Key facts
- Bank of America and PGIM predict three Federal Reserve interest rate hikes in 2026.
- These hikes are attributed to persistent inflation, driven by the war in Iran and AI-driven demand.
- Federal Reserve projections indicate no rate cuts are expected in 2026.
- Bank of America forecasts 75 basis points of hikes across September, October, and December.
- Inflation was 4.2% in May, significantly above the Fed's 2% target.

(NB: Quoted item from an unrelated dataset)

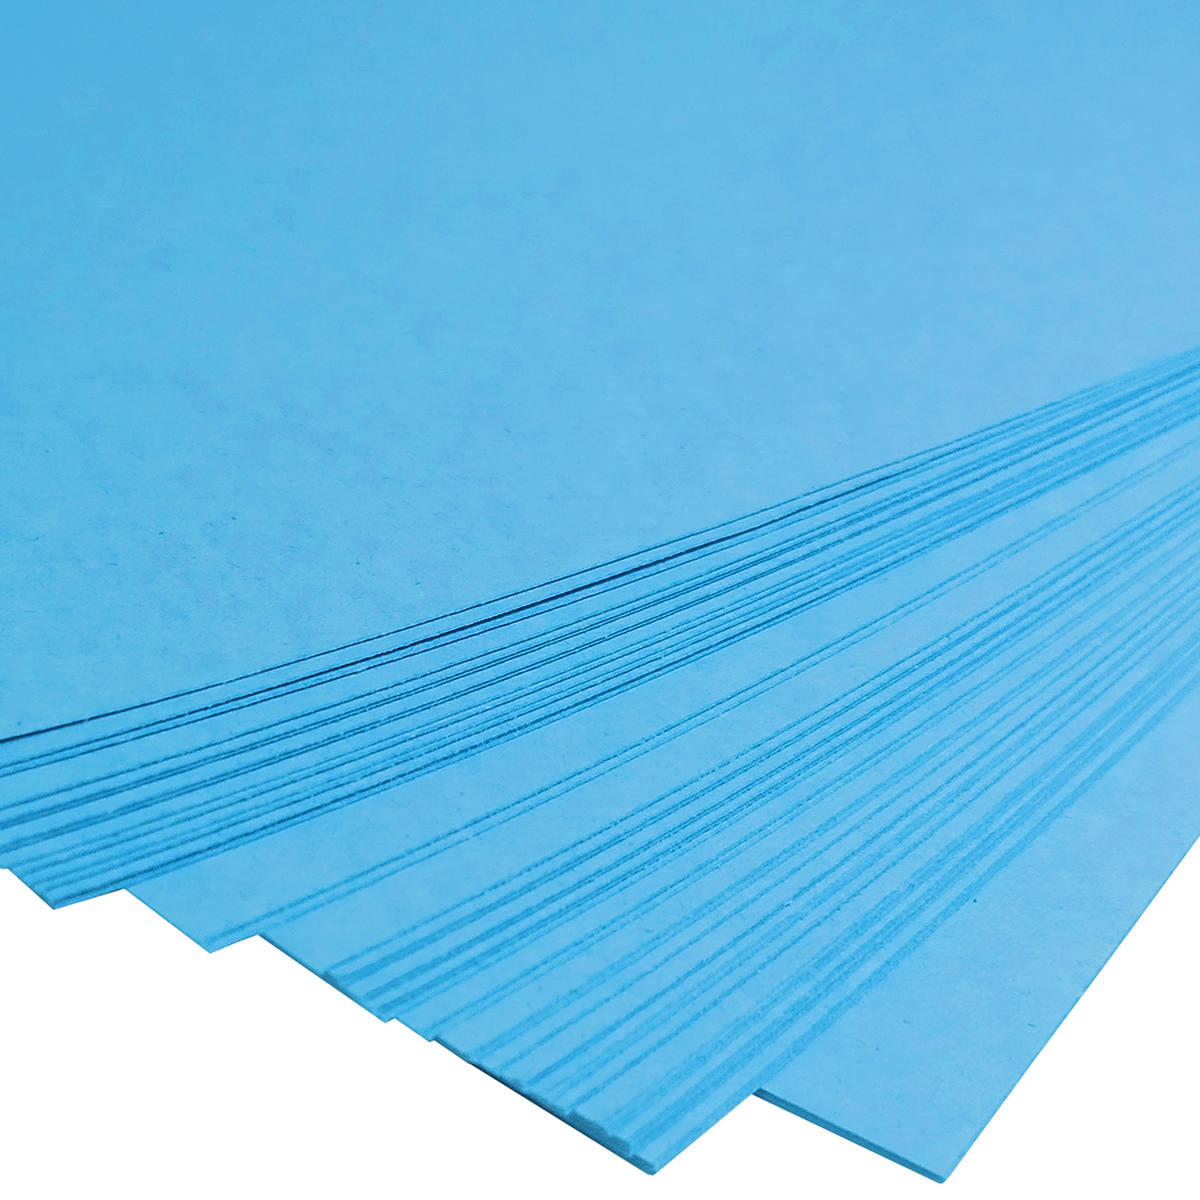 Papel Azul Opaline Diplomata Offset Liso 180g A4 Massa Colorida Tipo Ofício 60kg Pacote com 50 folhas Masterprint

- The economy added 172,000 jobs in May.
Hopes for interest rate relief from the Federal Reserve have diminished, with Bank of America and PGIM now projecting three rate hikes for the remainder of the year. This shift reflects concerns over persistent inflation, driven by factors including the ongoing war in Iran and demand-side pressures from artificial intelligence. Federal Reserve projections from its June meeting also indicate a hawkish outlook, with central bankers signaling that benchmark rates are unlikely to decrease in 2026. Fed Chairman Kevin Warsh, in his first meeting leading the central bank, presided over a unanimous decision to hold rates steady. Despite President Donald Trump's public calls for rate cuts, the Fed faces a dual mandate of price stability and employment growth, with inflation proving stubbornly high. Bank of America's forecast, detailed by analyst Aditya Bhave, includes 75 basis points of interest rate increases spread across September, October, and December. Bhave noted that the Fed's inflation problem has 'unambiguously worse,' and Warsh's hawkish comments post-meeting suggest a possibility of a rate increase as early as the next month. Inflation stood at 4.2% in May, significantly above the Fed's 2% target, while the economy added 172,000 jobs, exceeding expectations.